当然,她还记着自己的身体状况,也不会跑很多趟,只每次去看他,都会呆久一些。
从楚元策发生车祸到现在,楚承不曾见过她,甚至不曾问过她腹中的孩子。晚晚明白,她在楚承这里争取来的分,被这一次给扣了个干净。
楚依那句话也像针一样刺着她,楚元策还没有醒过来,等他醒来,楚承会怎么对待他们两人?
这像一颗定时炸弹,让人惶然不安。但即便如此,她也还是希望楚元策能尽快好转。
楚元策转入普通病房的第十天,离中秋节只剩半个月,天边只一弯新月,晚晚躺在病床上翻来覆去睡不着,她卧床半个多月,医生说恢复得还算良好,只要稍加注意一些,现在办理出院手续也是可以的。
晚晚没有出院,出院之后要再来看楚元策会比较困难。
她躺不下去,索性爬了起来。便就是这个时候,小腹处传来轻微的动静。
她起床的动作稍稍停顿,盯着腹部看。
看,自然是看不出什么来的,倒是里面的小家伙,估计是躺累了,伸了伸拳头。这一次,比方才更明显。
她嘴角扬起笑,这样的时刻,自然希望楚元策能够与她一同感受。
她往楚元策的病房去。
还没到病房,便听得一阵忙乱。穿着白大褂的医生护士都往那边去。
晚晚随手抓了一名护士,护士说:“1518病房的患者醒了。”
一股喜悦冲上来,晚晚加快了脚步。
许是动作有些突然且剧烈,头晕了一下,她扶了墙站了片刻,才压制住内心的喜悦,控制住脚速往楚元策病房去。
1518病房里头,医生护士都在忙碌。
他能醒过来是件好事,但在功醒之初,也需要做进一步的检查,来确定他的身体状况。
晚晚站在门口,徐洋一回身就看见她,将她请了进来,对医生道:“这是楚太太,楚先生的情况,可以直接告知她。”
医生点头道:“方才的检查结果,综合之前的检查过程来看,楚先生的身体状况已无大碍,但他头部的瘀血还未散尽,恐怕会有后遗症。”
“什么后遗症?”
“头晕、呕吐、低烧等等情况都有可能出现,另外,要避免过度劳累。”医生嘱咐,晚晚一一记在心里。
医生又对楚元策加以叮嘱,楚元策才刚刚苏醒,精神状态不算好,只默默的听着。
徐洋送医生离开,晚晚三步并作两步走向楚元策。
他身上的管子已经取得差不多了,头上还缠着纱布,整个人清减了不少。
“你终于醒了。”晚晚眼眶里有泪,楚元策面无表情:“我睡了很久?”
晚晚去拉他的手,楚元策几不可察的退缩了一下,晚晚没太在意:“也不算很久,半个多月吧。”
她轻轻拉着他的手,凑近了身子,试图将他的手触碰到她的小腹,楚元策脸色变了变,用力收了回去,声音冷漠:“这里是医院,你在干什么?”
晚晚有些诧异,但顾念着他才刚醒,好脾气的解释道:“我们的宝宝,刚刚踢我了,想让你也感受一下。他在我肚子里面,可是等了你小半个月呢。”

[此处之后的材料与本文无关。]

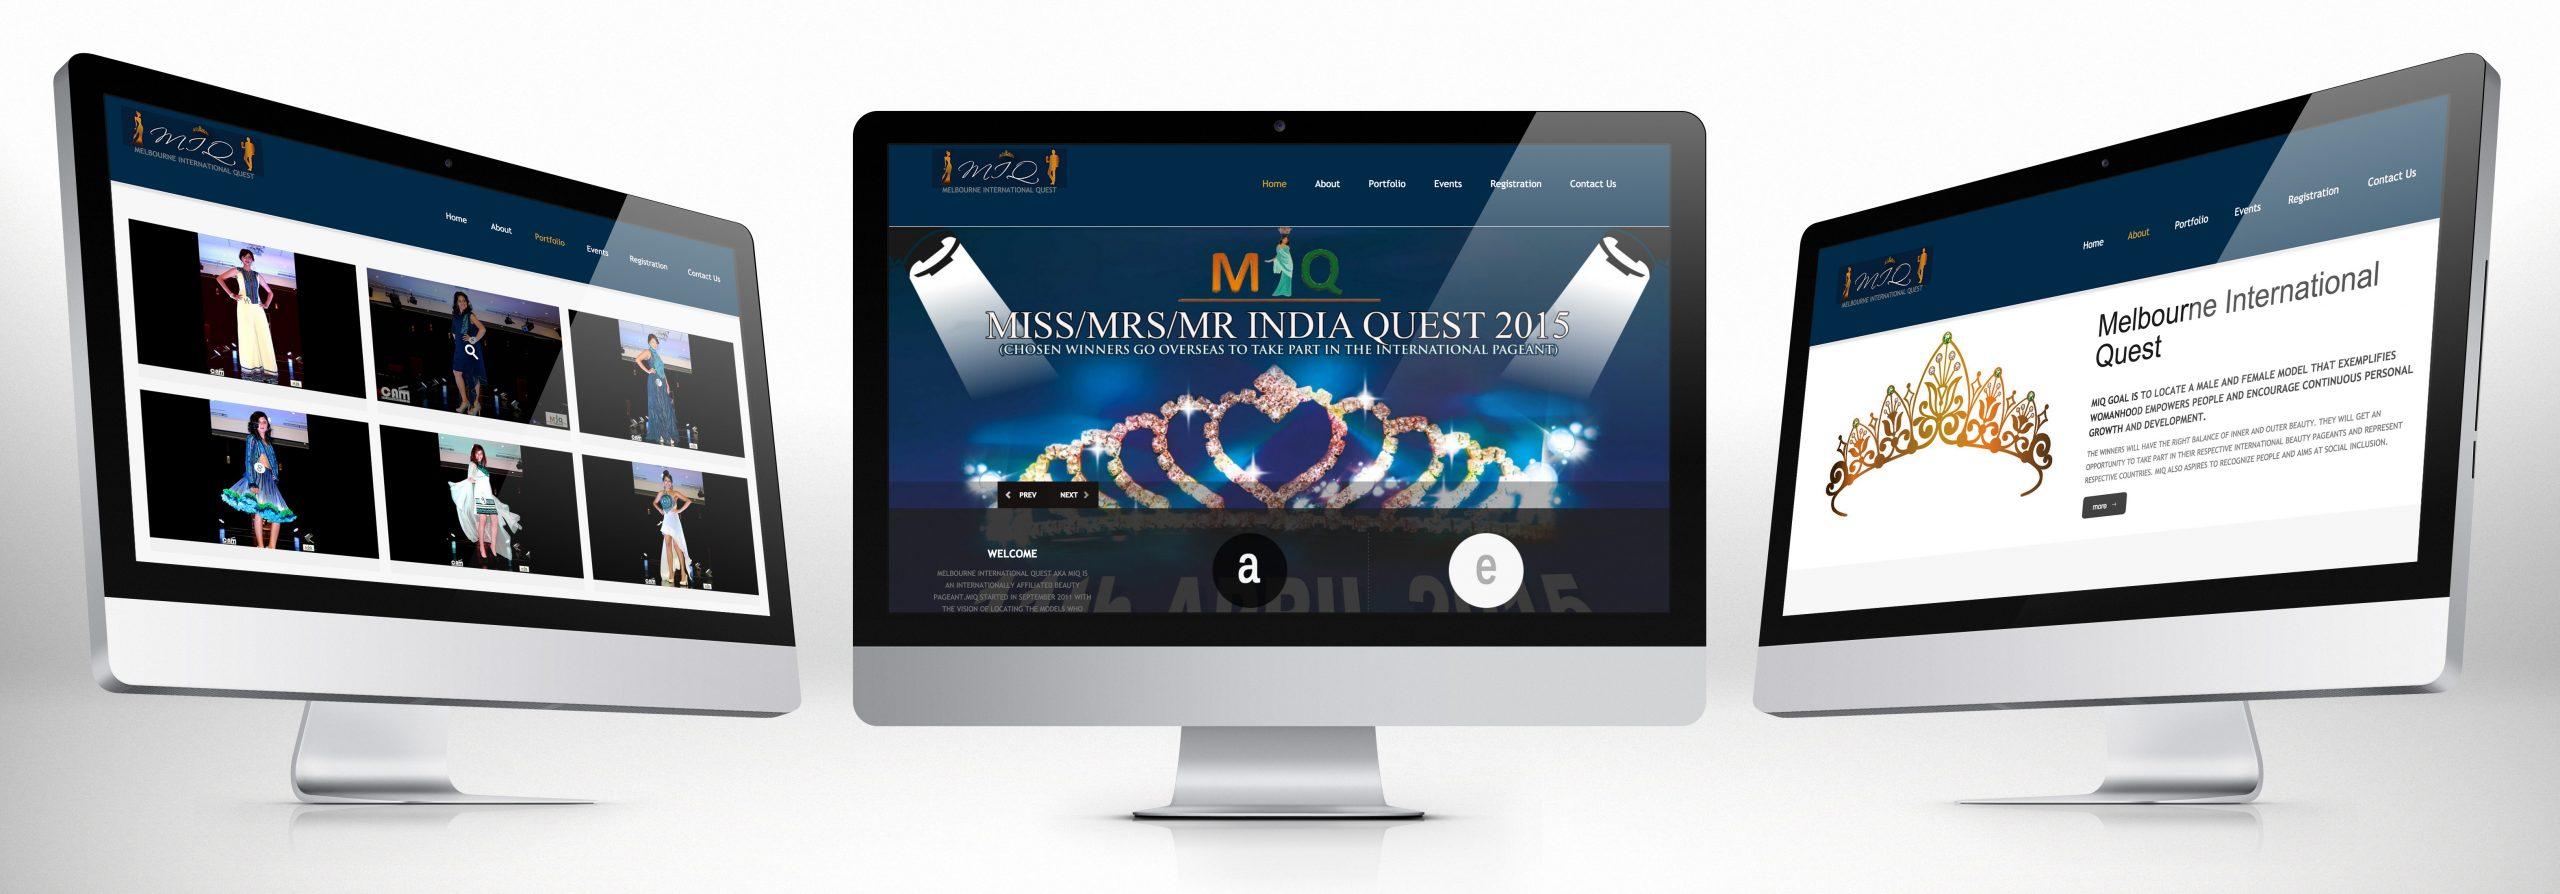 www.miq.com.au

不是不委屈的,但还是忍住了,比起之前他安安静静的躺在这儿,即便他此刻对她没有好脸色,她也愿意。
楚元策脸上的戒备放松了些,只点了点头,没有太大的兴奋与惊喜,回了个“哦。”
如果说方才那些都可以忽略不计的话,那此刻楚元策这淡然的态度就真的伤到晚晚了。
她咬了咬唇:“你是不是还很累,那先闭着眼睛休息片刻。我在这里陪你,乖,睡吧。”
楚元策微低了眉眼,真的闭上了眼睛。
徐洋回来的时候,就见晚晚坐在一旁,楚元策微闭着眼睛,像是睡着了。
“叮当姐。”徐洋小声的喊她,晚晚没有回头,她的目光直直的落在闭着双眼的楚元策身上。
徐洋又喊了一声,晚晚仍旧没有回头,倒是楚元策睁开了眼睛,精光直射向徐洋:“你有什么事?”语气显出几分冷硬和不满。

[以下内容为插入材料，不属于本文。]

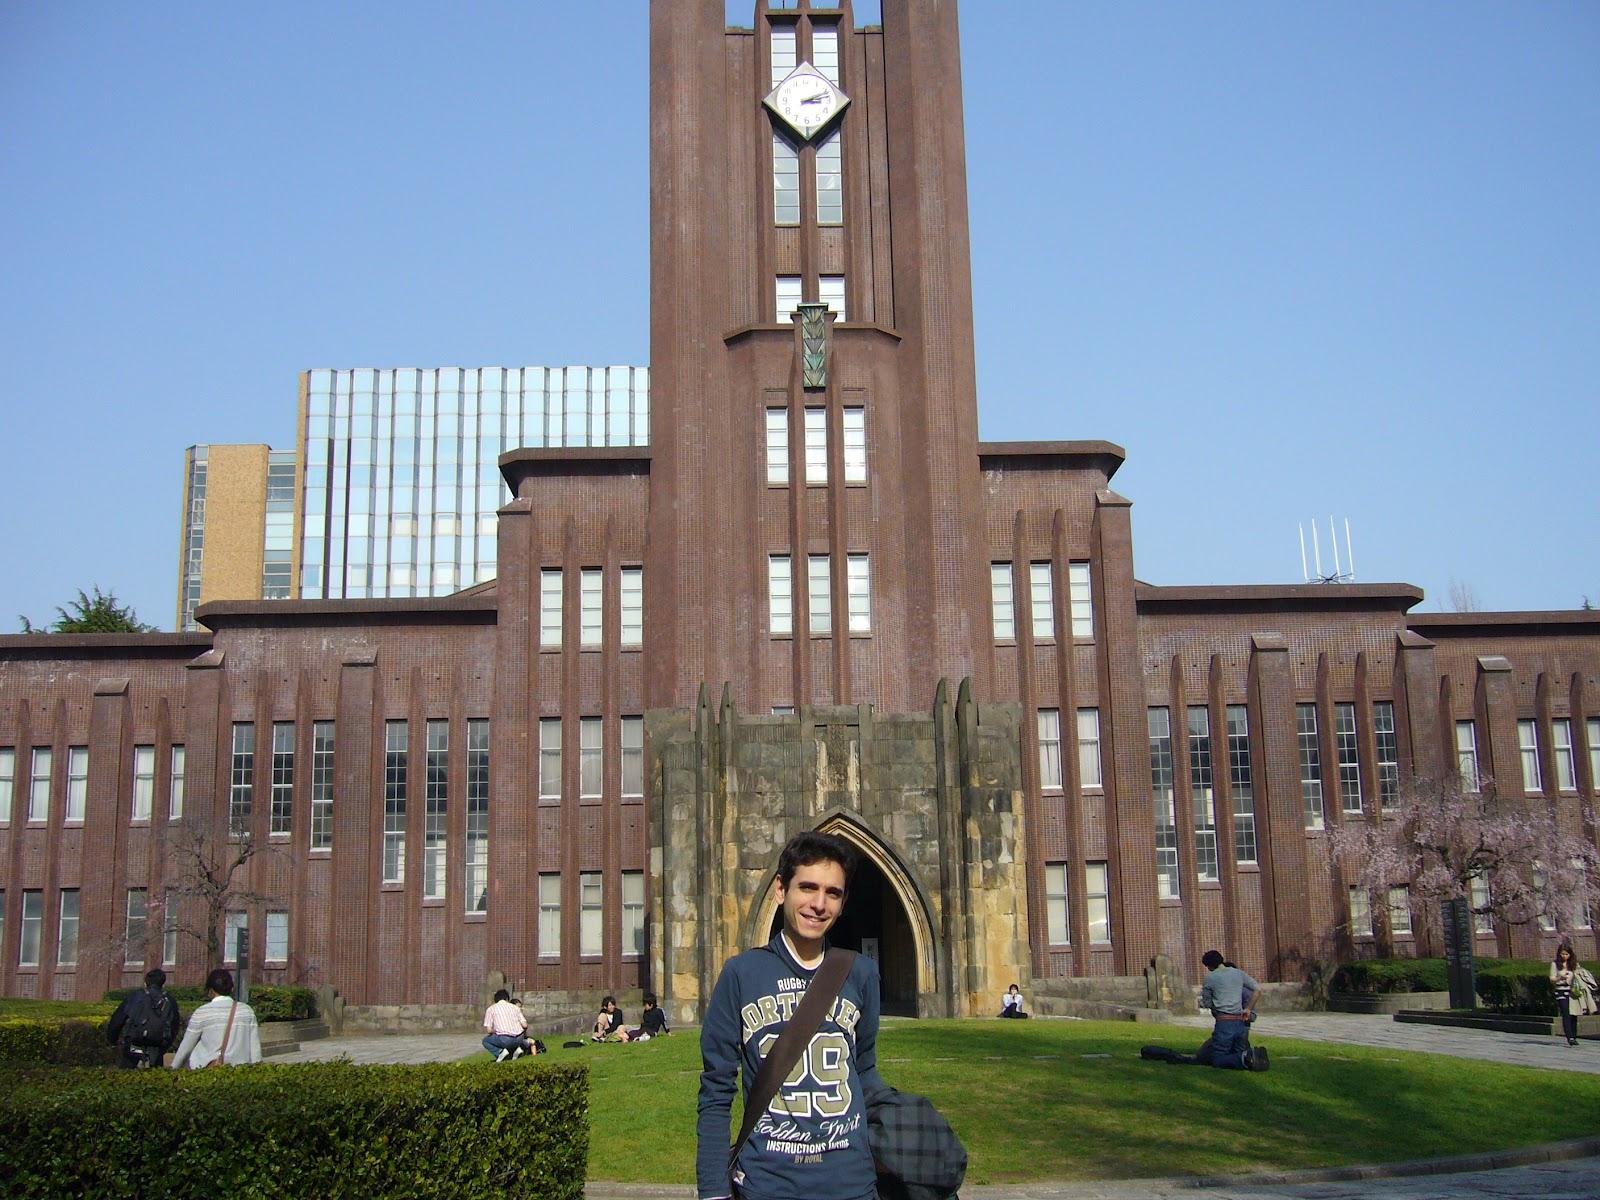 http://2.bp.blogspot.com/-f-cY1UY_0oQ/T5EOvIlkhvI/AAAAAAAAlPE/g9j4dhY1a9k/s1600/Tokyo+university+%288%29.JPG

徐洋摇了摇头:“担心楚太太打扰你休息,想着先送她回去。楚先生,您感觉怎么样?”
楚元策重新闭上眼:“你们出去吧。”
晚晚将徐洋拉到门外:“我想找找主治医生,我觉得他不太对劲。”
“怎么说?”徐洋眉头微皱,刚刚医生交代得很详细,并没有隐瞒啊。
“我告诉他宝宝踢我了,他一点反应都没有。这不是楚元策。”晚晚口不择言,徐洋扶了她的肩膀:“许是还没休息反应过来,你先回病房,我去了解情况,弄清楚了再和你说。”

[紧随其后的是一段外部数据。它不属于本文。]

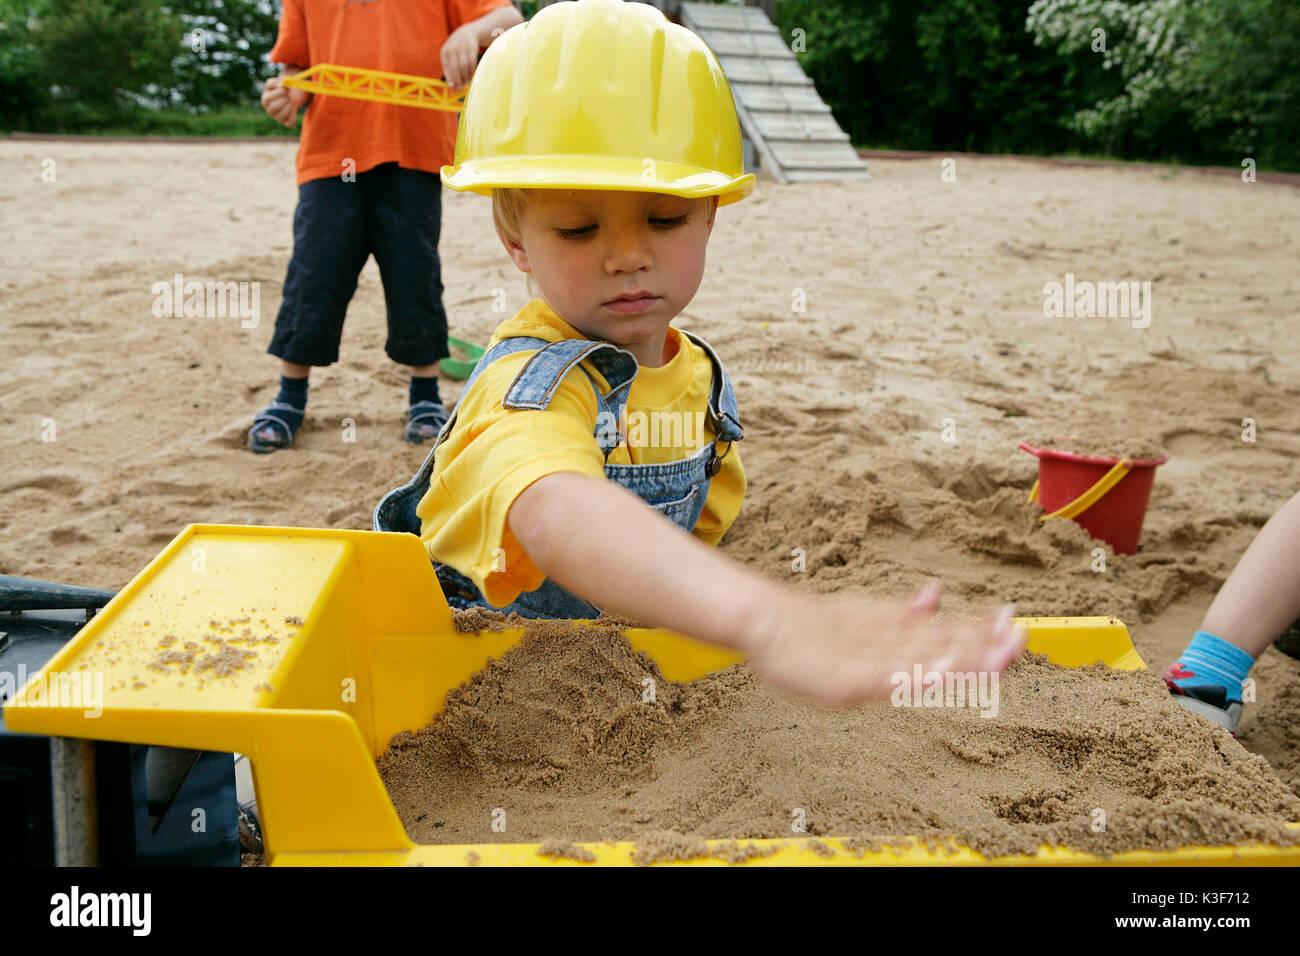 Child at the sandbox - Stock Image

“我还是亲自去问。”晚晚话一出口,歉意的道:“不是不相信你……”
“我懂,我陪你去。”
两人来到医生办公室,几位医生正在商量楚元策的病情:“这块瘀血还是得想办法清除掉,一直压迫着神经,终究不是件好事。”
晚晚敲了门进去,医生认得徐洋是楚元策的助理,徐洋又介绍了晚晚的身份,此时见两人一同进来,有些疑惑:“楚先生觉得不舒服?”
晚晚摇头:“医生,您刚刚说后遗症除了那些之外,还会不会有些别的?”
“脑部受伤,若是伤到神经元,有可能会导致患者丧失记忆。”医生分析道:“楚先生的状况总体而言还算正常,并没有压迫到神经元,但也有可能是剧烈的撞击导致他在短期内失去记忆。”
“失忆……”晚晚喃喃念着这两个字,只觉得天雷滚滚。
“那多久会恢复?”问话的是徐洋。
“失忆这种情况,是因人而异的。有些人过两三天就好,有些人可能要一两个月,由熟悉且亲近的人陪着慢慢的会想起以前的事。”
“楚先生的情况呢?”徐洋追问。
“我们也无法确定究竟几时能恢复记忆。”医生有些为难。
晚晚握了握拳,离开医生办公室。
1518号病房里,楚元策睁着眼睛望着天花板,晚晚压制着满腔的怒火,才不至于推门而入。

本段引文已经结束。